La masturbación (por Teresa Domingo Catalá)


Mi madre me llamó Manuela, pero me llamaba Manolita. Y cuando fui creciendo me llamaba Lita. Litaaaaa, Litaaaaa, gritaba por el piso, que sólo tenía setenta metros cuadrados, así que no debía afanarse mucho para encontrarme. Yo solía esconderme con el gato, dentro del armario, y la oía gritar Litaaaa, ¿no te estarás masturbando? Entonces yo no sabía qué era eso, y les contaba a mis amigas que había algo muy malo que se llamaba masturbación, que no debía hacerse jamás bajo ningún concepto y como ninguna de nosotras sabía qué era, un día nos armamos de valor y le fuimos a preguntar al profesor de matemáticas, ya que las dos cosas empezaban por la letra eme y le vimos una cierta relación. Figúrate, tres niñas de unos ocho años, con la primera comunión recién hecha, con trenzas y ortodoncias, preguntándole a aquel buen señor que era del Opus Dei qué era la masturbación. Primero, se quedó callado, después se puso todo rojo, y más tarde, nos dijo, recuperado el aliento: ¿Dónde habéis aprendido esa palabra? Ha sido Manuela, respondió Merce, y yo le dije: es mi mamá, siempre me pregunta si estoy haciendo eso. El profesor de matemáticas, que era del Opus Dei, como ya he dicho, nos dijo: nunca debéis tocaros, esto es todo lo que tenéis que saber. Y nos despachó, con toda la dignidad posible, dejándonos más confundidas que antes. ¿No nos podíamos tocar? ¿En ninguna parte? Así el domingo siguiente me fui a confesar y le dije al cura, que era joven pero que a mí entonces me parecía mayor, que me tocaba continuamente. El cura me preguntó, ¿y dónde te tocas? Y yo le dije: me toco las manos, el pelo, la barriga, los muslos. Y él me dijo: ¿Y te tocas el pipí? A mí me entró un asco terrible y le dije, no señor, siempre tiro de la cadena. Él añadió, chiquilla, quiero decir si te tocas ahí, por donde haces pipí. Yo me quedé muda, y le dije que no, entonces él me dijo que, salvo ahí, me podía tocar dónde quisiera. Unas noches más tarde empecé a tocarme, movida por aquello de la fruta prohibida que es más apetitosa, y si aquello era malo, que bajara la mismísima Virgen y me lo dijera. Era muy pequeña, pero no tonta, así que fingí que seguía ignorando qué era la masturbación.
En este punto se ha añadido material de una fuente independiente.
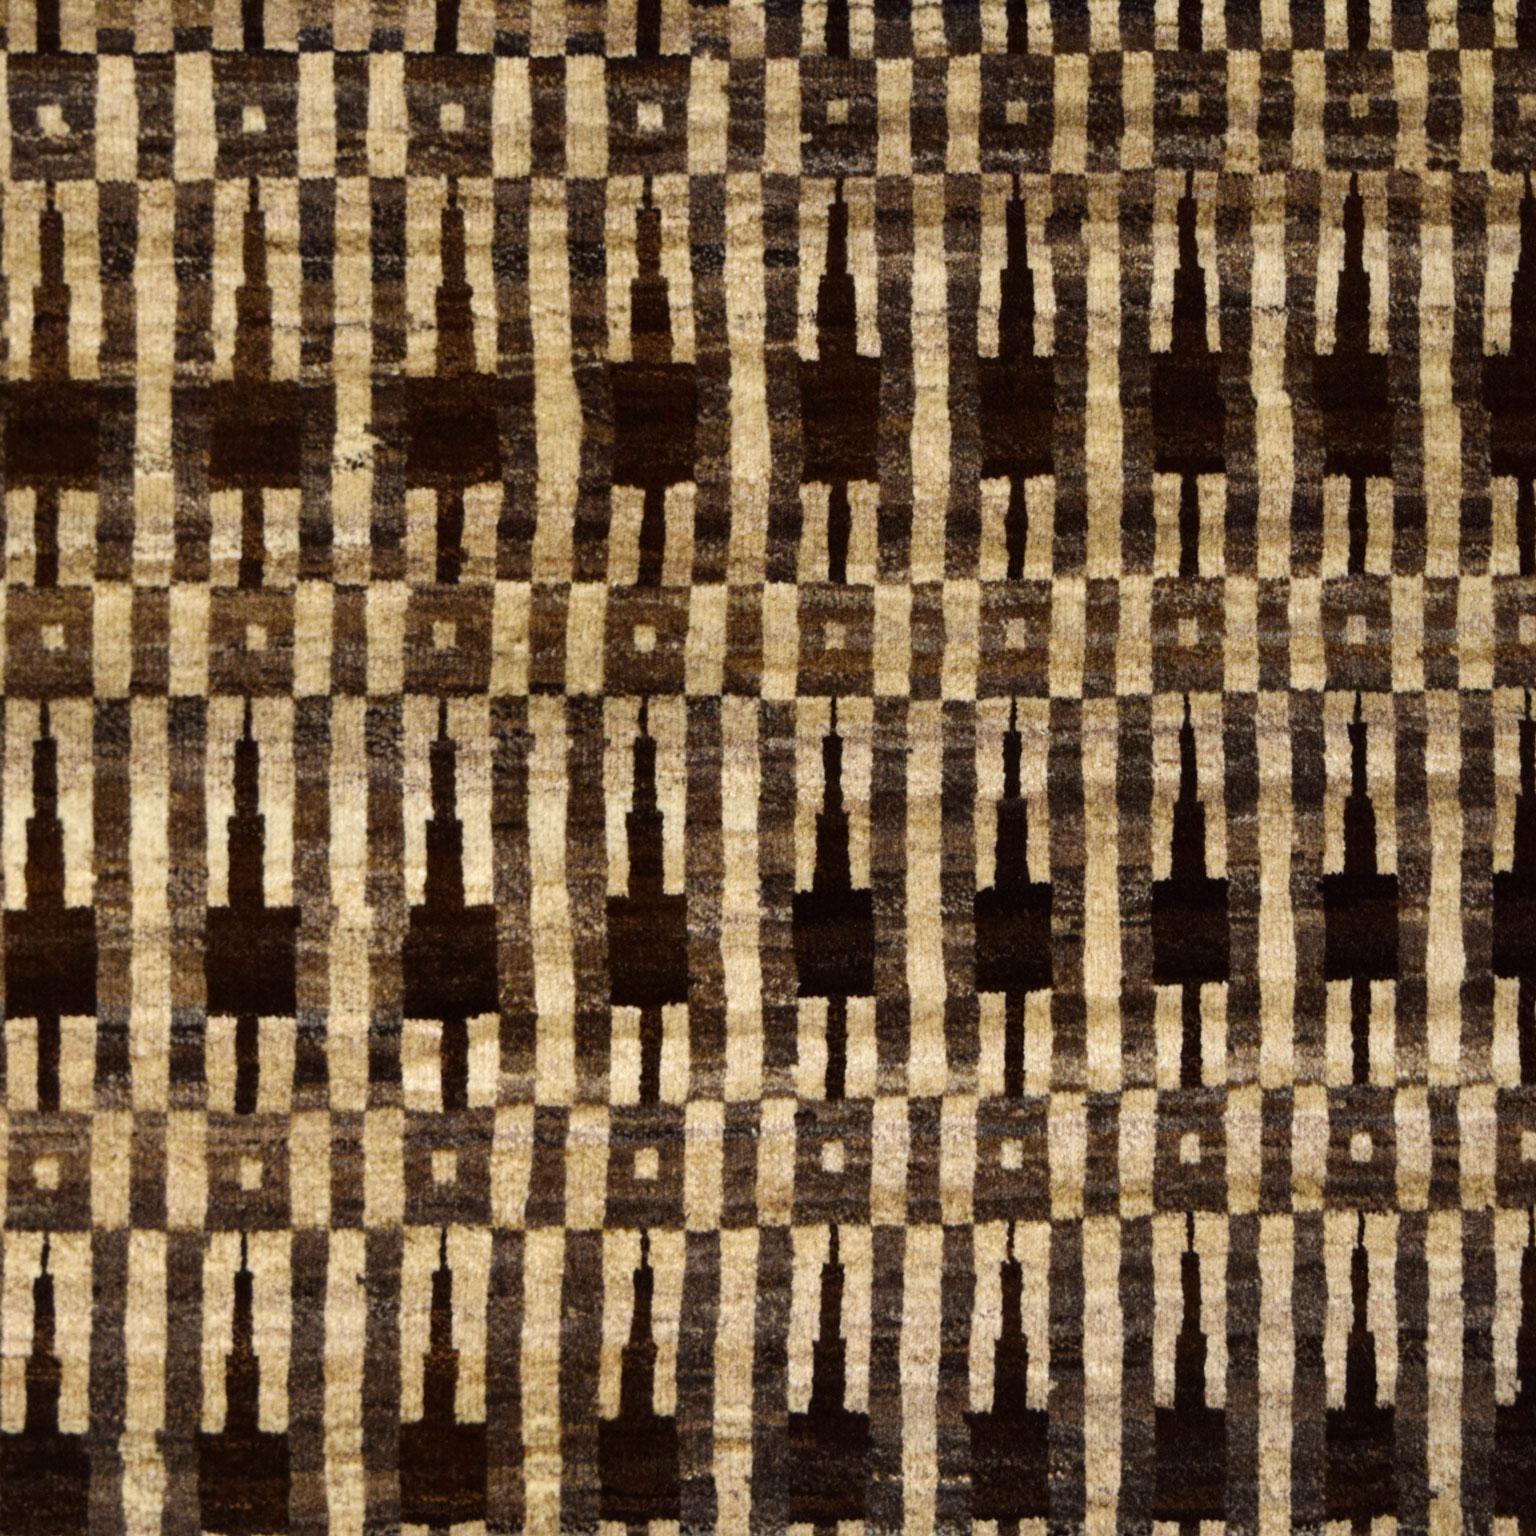 Ce sont les textiles traditionnels de Bakhtiari, datant de plusieurs siècles, qui ont inspiré ce design, et non le monument new-yorkais dont il tire son nom. Les motifs simples d'Empire State créent un contraste saisissant et constituent une

Pero yo hablaba de mi madre. Y de mi gato. Mi gato no se masturbaba como comúnmente se masturba la gente, para ello utilizaba un peluche que mi mamá me había comprado cuando yo era todavía más pequeña. Y no sé si mi madre se masturbaba, ella nunca me lo contó y yo nunca le pregunté. No es algo que se pregunte. ¿Te imaginas en una entrevista de trabajo? El o la de relaciones humanas preguntándote por tus hábitos sexuales solitarios... Y usted, ¿se masturba o prefiere el sexo en pareja? Es para saber si es individualista o encaja en el trabajo en equipo. Por disparatado que parezca todo llegará y si no, al tiempo.
La masturbación tiene grandes ventajas: no depende de nadie más que de una misma, conoces muy bien tu cuerpo y sabes por dónde acariciarte, no contraes ninguna enfermedad venérea, no te puedes quedar embarazada... La verdad es que no sé porque no montan en los colegios talleres sobre la masturbación. Ni preservativos, ni anticonceptivas, ni píldoras del día después: el dedo corazón, una ligera presión rítmica, una buena fantasía sexual y ¡Ala! Al espacio sideral. El problema es enamorarse, ah, sí. Cuando te enamoras ya no es suficiente. Quieres estar con él o con ella, en mi caso, es él. Lo quieres tener cerca, sentir su corazoncito, sentir su otra cosa, ya me entiendes, y entonces el dedito ya no sirve, ¡qué putada!
Conocí al Frijolito I siendo empresaria. No te pienses que era la presidenta de la CEOE – que nunca ha tenido presidenta con a que yo sepa, sino señores gordos y calvos y bajitos que no tenían ni medio polvo -. No señor. Yo tenía una cafetería. Pero no era sólo mía. La tenía con una socia esmirriada, palo por delante, palo por detrás, muy lésbica ella – pusimos la bandera del arco iris en el local y luego se quejó de que nos llamaran bolleras -.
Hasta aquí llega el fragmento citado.